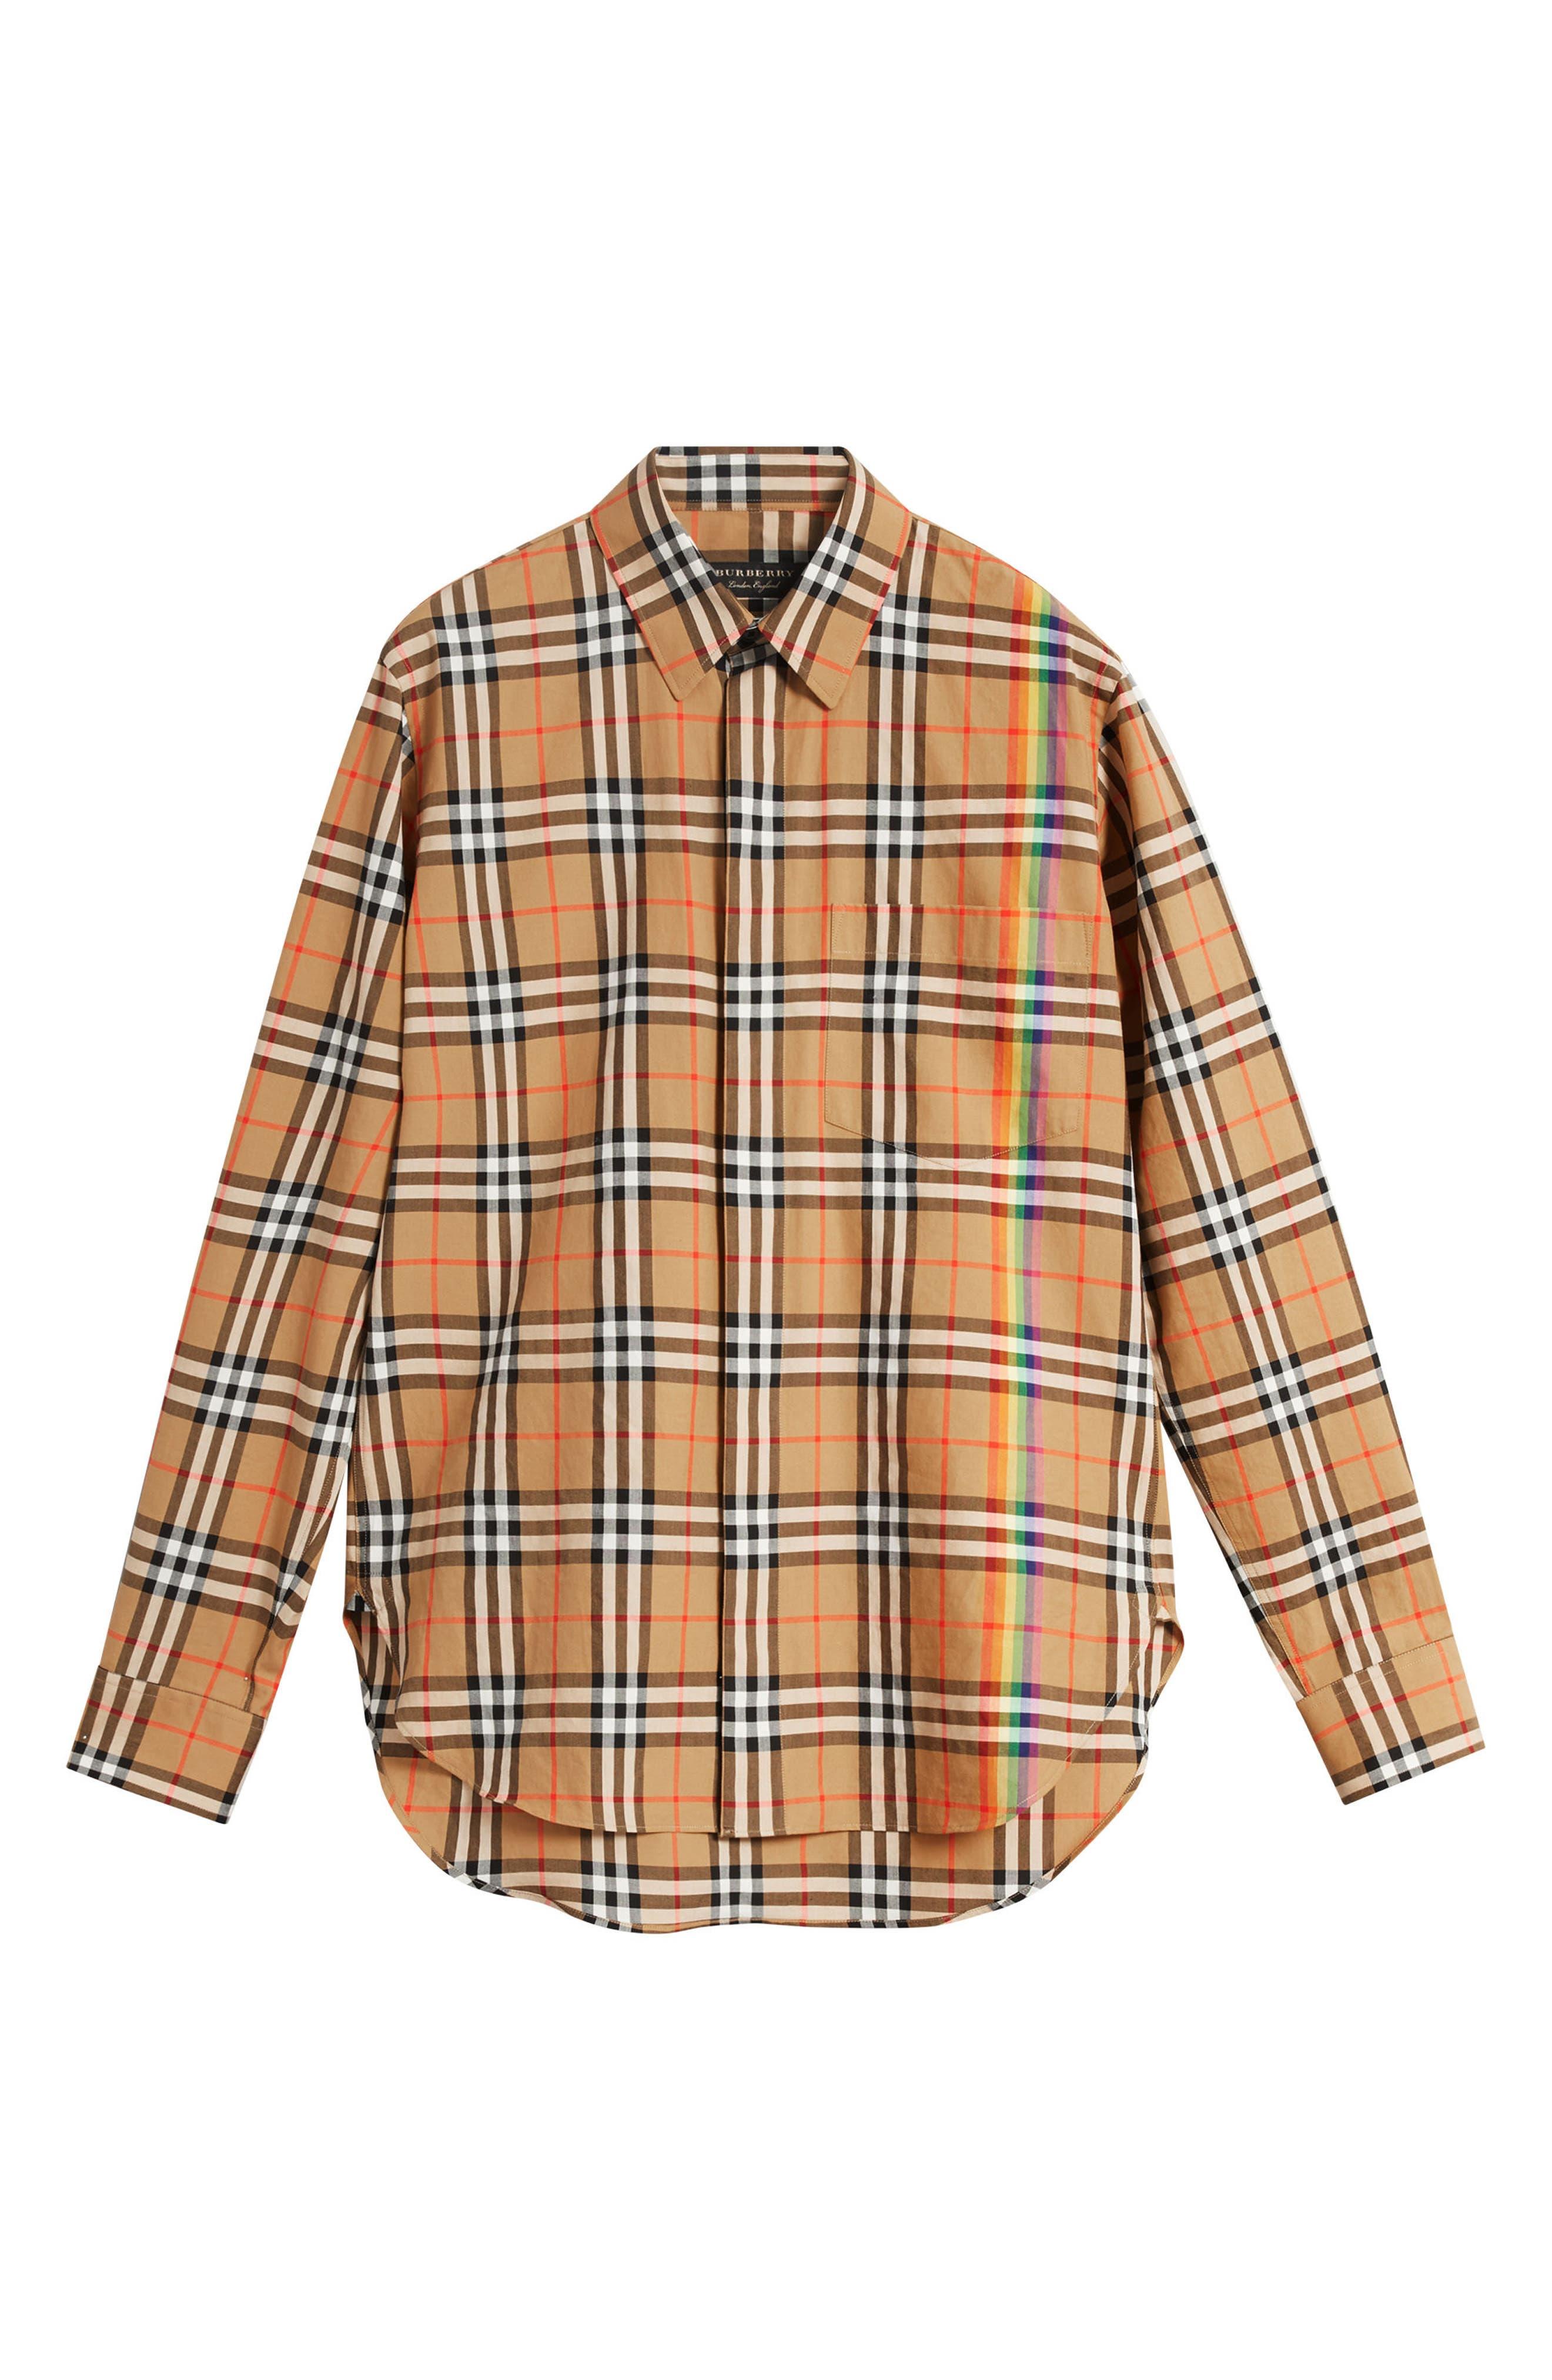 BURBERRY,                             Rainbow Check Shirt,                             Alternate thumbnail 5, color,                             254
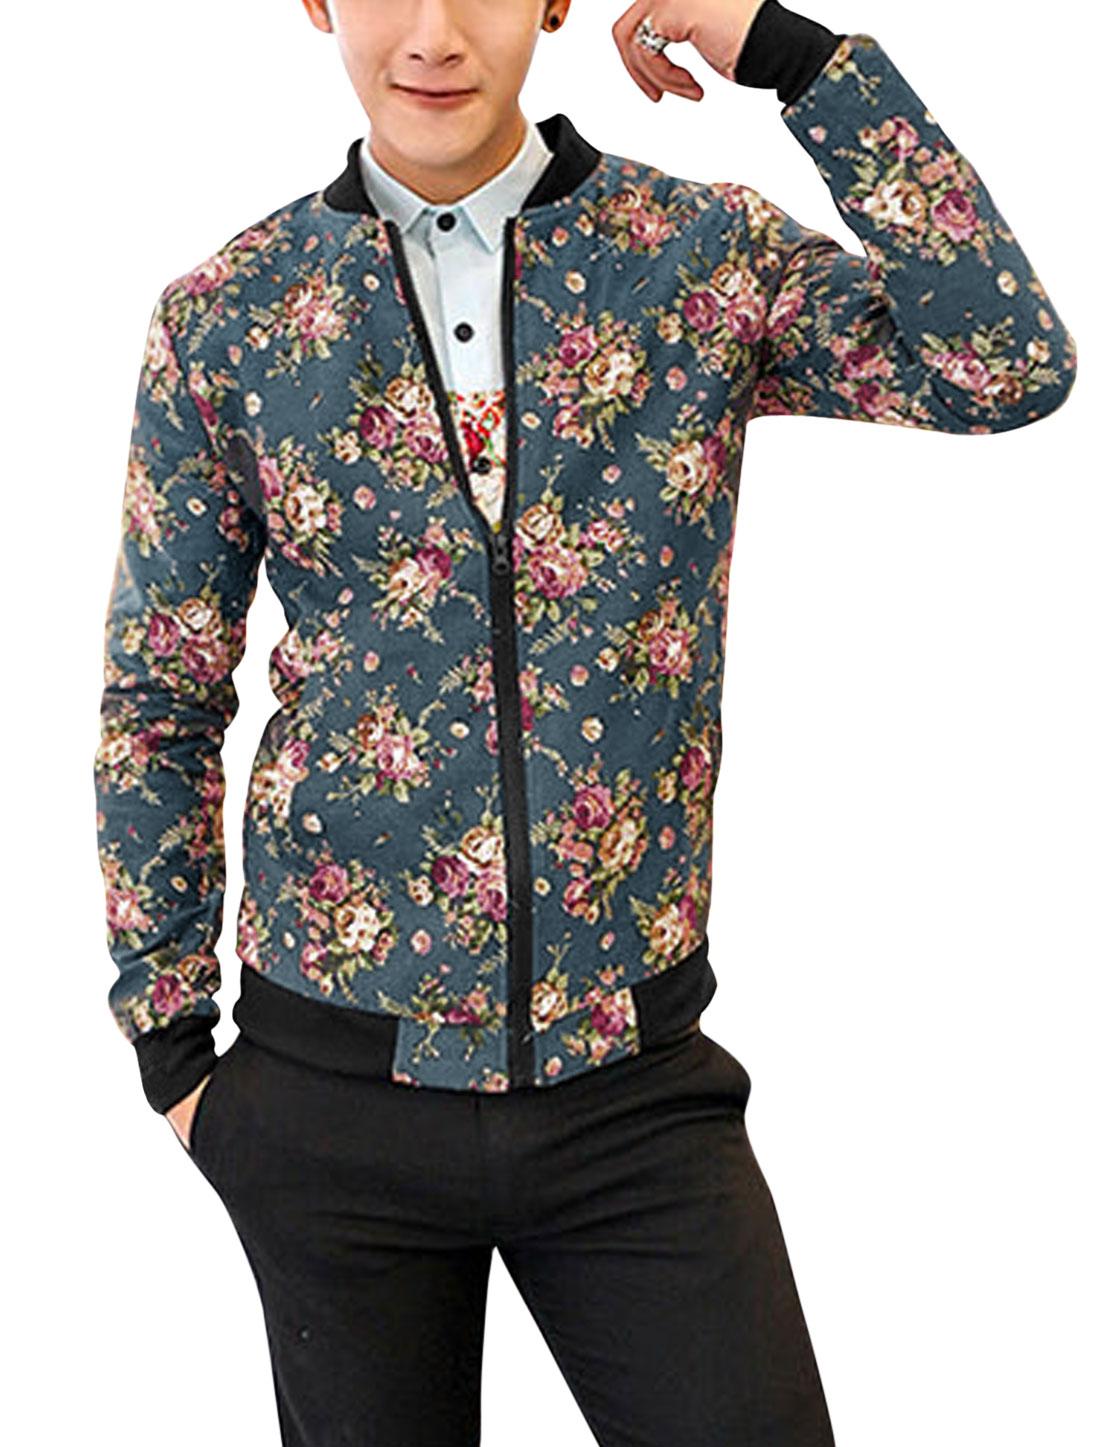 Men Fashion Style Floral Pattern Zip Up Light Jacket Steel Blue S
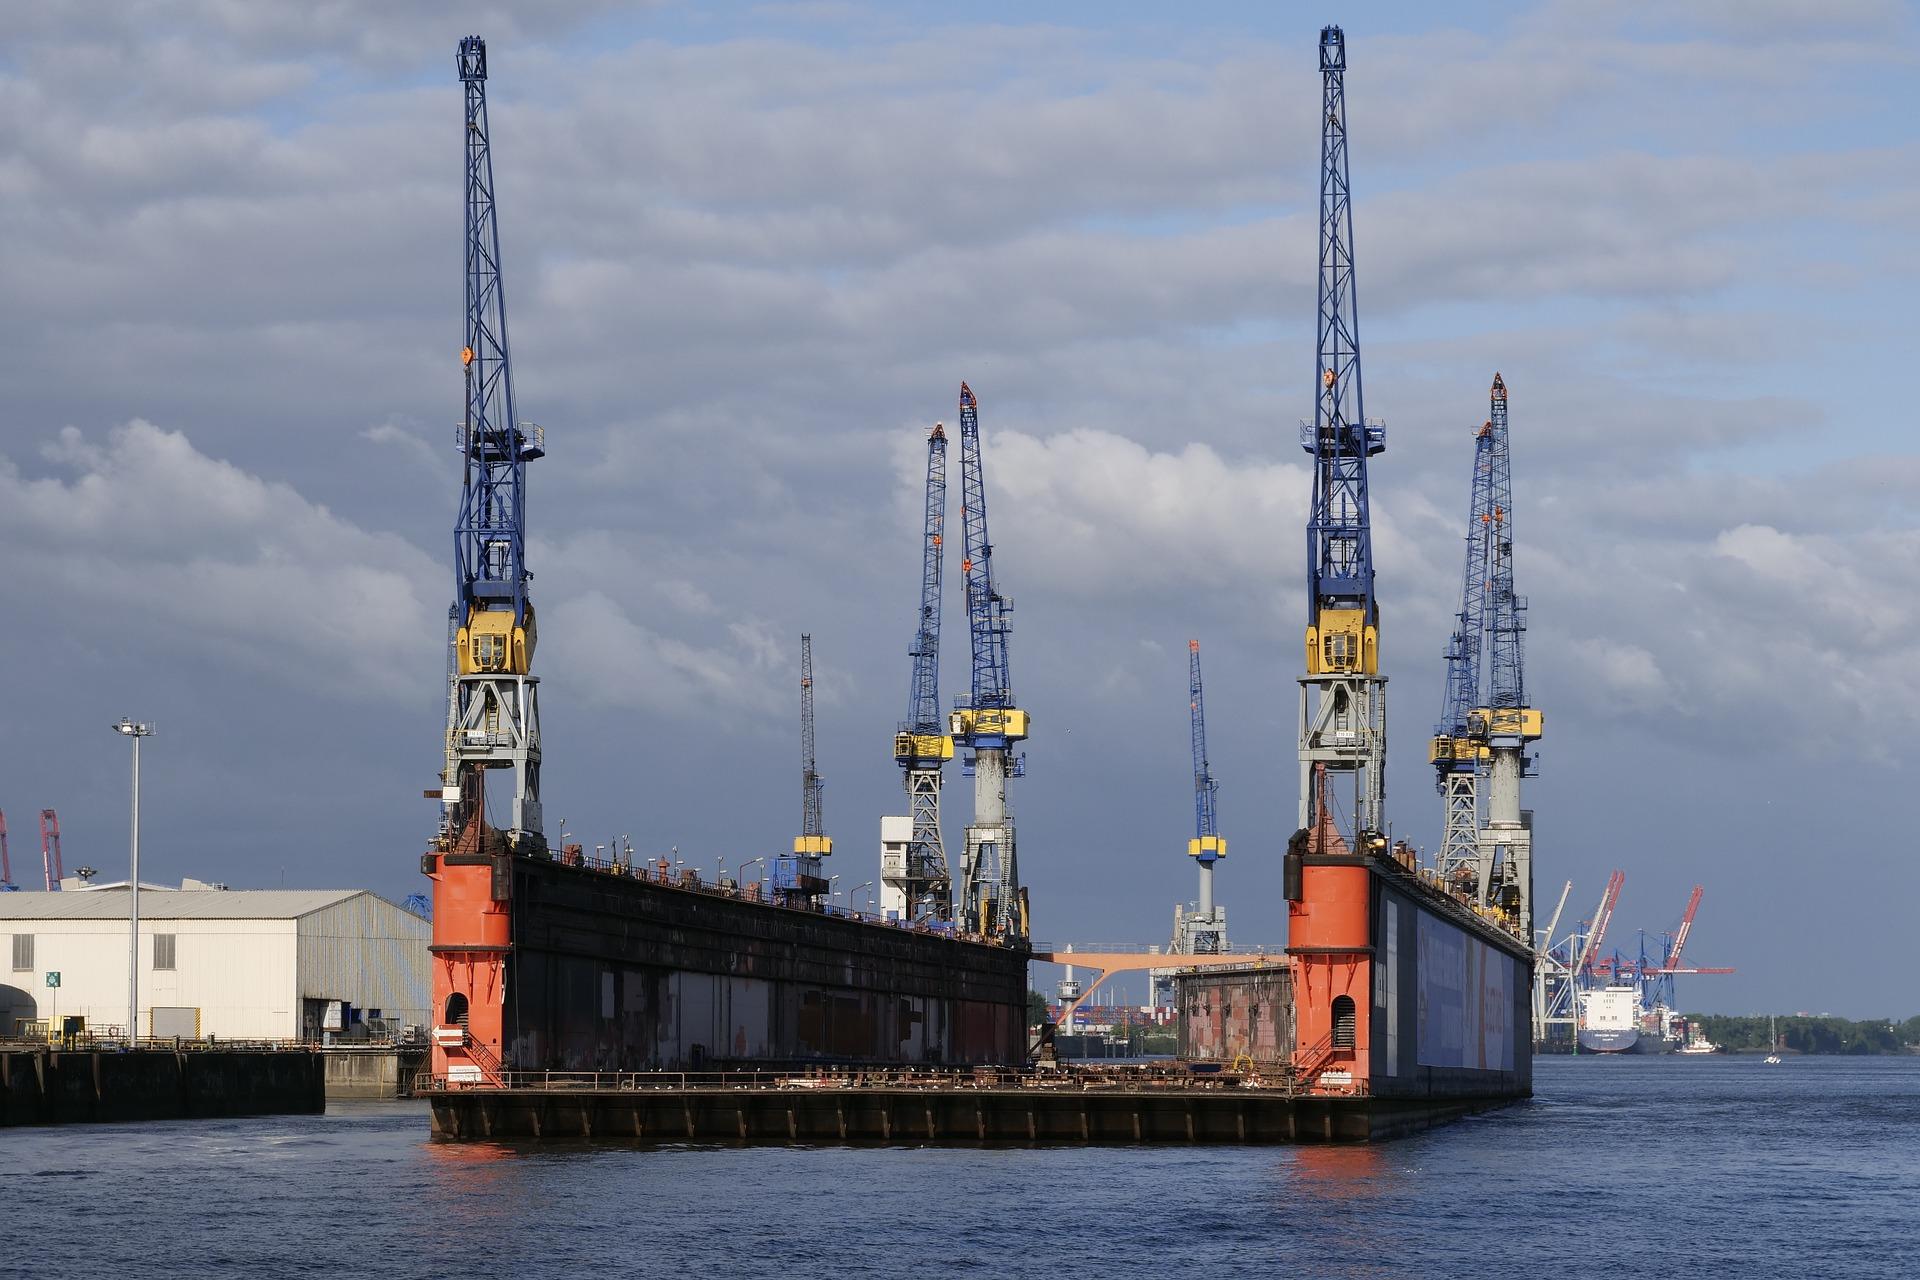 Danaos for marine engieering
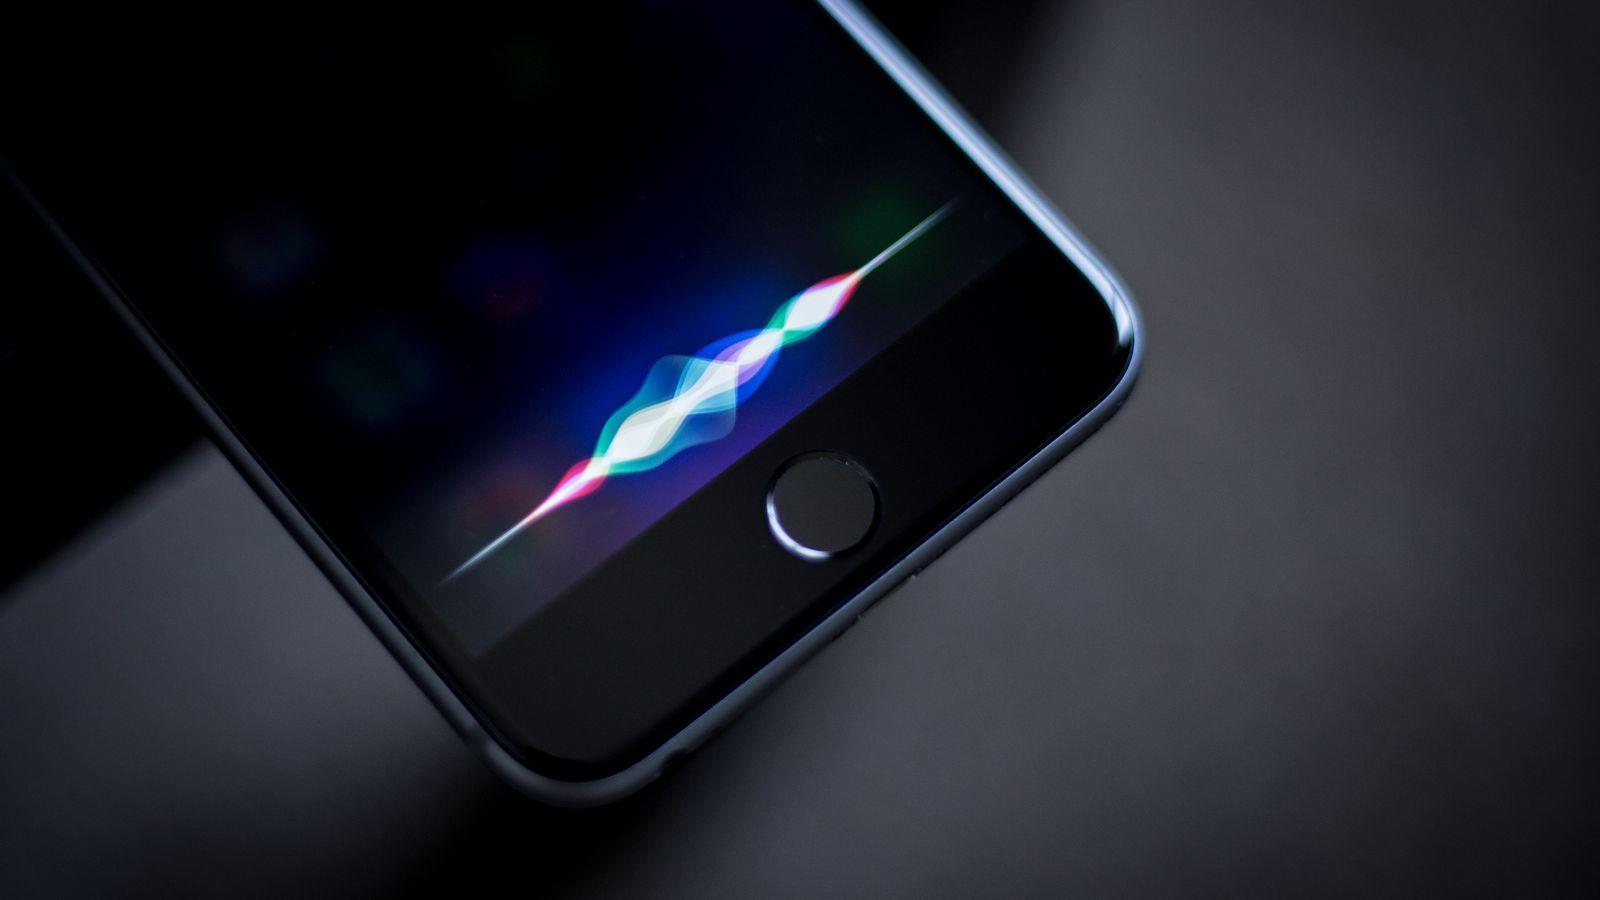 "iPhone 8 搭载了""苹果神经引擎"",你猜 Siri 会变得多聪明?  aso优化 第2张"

Work to be completed:
Please give the data again unaltered, leaving out any images.

Solution for this exercise:
 BURBERRY,                             Rainbow Check Shirt,                             Alternate thumbnail 5, color,                             254
 Men Fashion Style Floral Pattern Zip Up Light Jacket Steel Blue S
 Danaos for marine engieering
 "iPhone 8 搭载了""苹果神经引擎"",你猜 Siri 会变得多聪明?  aso优化 第2张"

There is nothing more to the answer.